Empirical percentile curves for BMI-for-age were considerably more irregular than those for stature-for-age and weight-for-age. Similar to weight-for- age, locally weighted regression was applied to the BMI empirical percentile curves to discern the shape of the curve. The intermediate smoothed percentile curves were then fit by a polynomial regression to achieve reasonably smoothed curves and to summarize the BMI-for-age percentile curves in polynomial equations.

For each set of percentile curves, the initial smoothing methods were applied to the nine empirical percentiles (3rd, 5th, 10th, 25th, 50th, 75th, 90th, 95th, and 97th) for each age group. In addition, the 85th percentile was included in the BMI-for-age charts because the 85th percentile of BMI has been recommended as a cutoff threshold to identify children and adolescents at risk for overweight (Himes, Dietz, 1994; Barlow, Dietz, 1998). The initial smoothing procedures are summarized in table 3. A detailed description of these procedures will be presented in future reports.

In the second stage, a modified LMS statistical smoothing procedure was applied to the smoothed curves generated in the first stage of the process. For ease of interpolation between percentiles, a normal transformation of the curves is useful. A normal transformation makes it possible to estimate any percentile and allows the calculation of standard deviation units (SDU) and z-scores.

With the exception of stature, which tends to be normally distributed, for most other anthropometric measures neither the empirical nor the smoothed data strictly follow a normal distribution. Rather, the distribution contains some degree of skewness. To remove skewness, a power transformation can be used so that one tail of the distribution is stretched while the other tail is shrunk. One means of doing this is to apply a Box-Cox transformation to transform the data to a nearly normal distribution. When applied to percentile curves, this is known as the LMS technique (Cole, 1988). The assumption is that after the appropriate power transformation, the data are closely approximated by a normal distribution (Cole, 1990). The transformation does not adjust for kurtosis, but kurtosis is a less important contributor than skewness to nonnormality (Cole, 1992).

In the LMS technique, three parameters are estimated: the median (M), the standard deviation (S), and the power in the Box-Cox transformation (L). The equation for the LMS is:

Centile = M (1 + LSZ)1/L

where Z is the z-score that corresponds to the percentile. The usual practice is to use a penalized likelihood estimation procedure applied to the empirical data to generate age-specific estimates of L, M, and S. These age-specific estimates of L, M, and S are then smoothed. A smoothed percentile curve or an individual standardized score can be obtained from the smoothed values of L, M, and S (Cole, 1988, 1990). However, a smoothed percentile curve based on this type of LMS estimation procedure can be somewhat different from the curve that is obtained by smoothing empirical data points.

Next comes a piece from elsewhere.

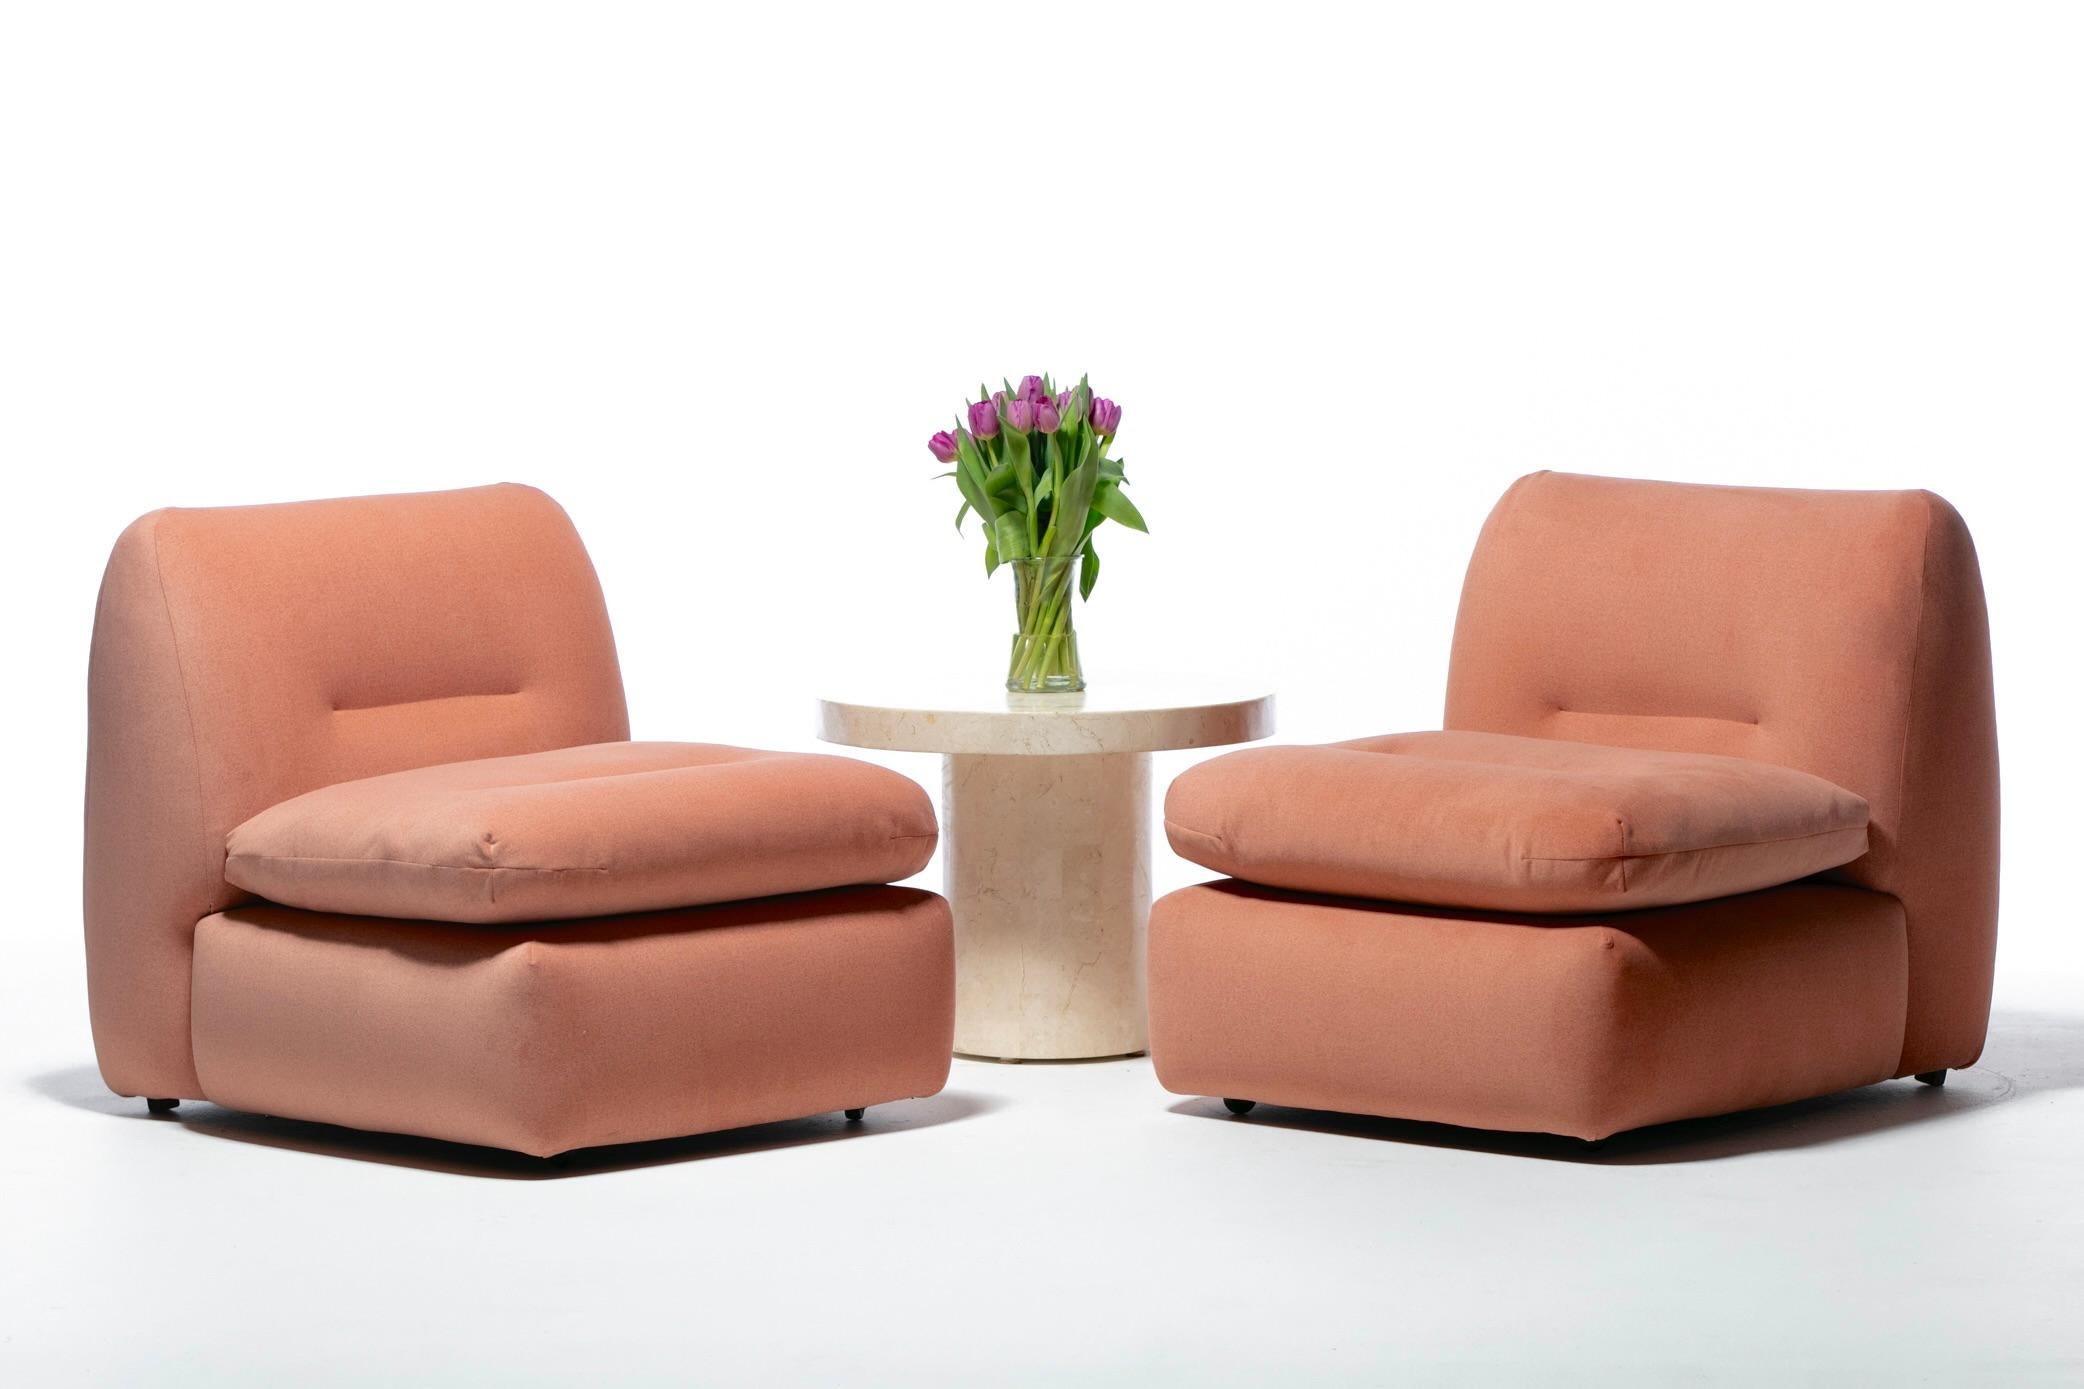 Sexy Italian Slipper Chairs entièrement restaurées avec de nouveaux coussins et une sellerie Blush Pink. Moderne. Luxueux. Une forme unique avec des lignes simples et un profil épuré. Le tissu Blush Pink apporte de la chaleur grâce à sa couleur

A modified estimation procedure was used to increase the agreement between the empirically smoothed curves and the LMS smoothed curves. In the modified LMS approach used for the present analyses, observed percentile curves were initially smoothed, as described above. Then, the Box-Cox power transformation (Box, Cox, 1964) was used to specify an equation at each of the previously smoothed major percentiles. A simultaneous solution for the three parameters was generated using the SAS procedure NLIN (SAS, 1988). The set of L, M, and S parameters that best matched the set of smoothed percentiles was obtained as a solution to a system of equations rather than as likelihood-based estimates from empirical data. These parameters allowed final curves to be produced that are extremely close to the curves smoothed for each major percentile from the first stage of curve smoothing. The advantage is that the final curves retain a nearly identical appearance to the initially smoothed percentiles, and the z-scores can be obtained in a continuous manner. The final set of percentile curves presented in this report was produced using the modified LMS estimation procedure.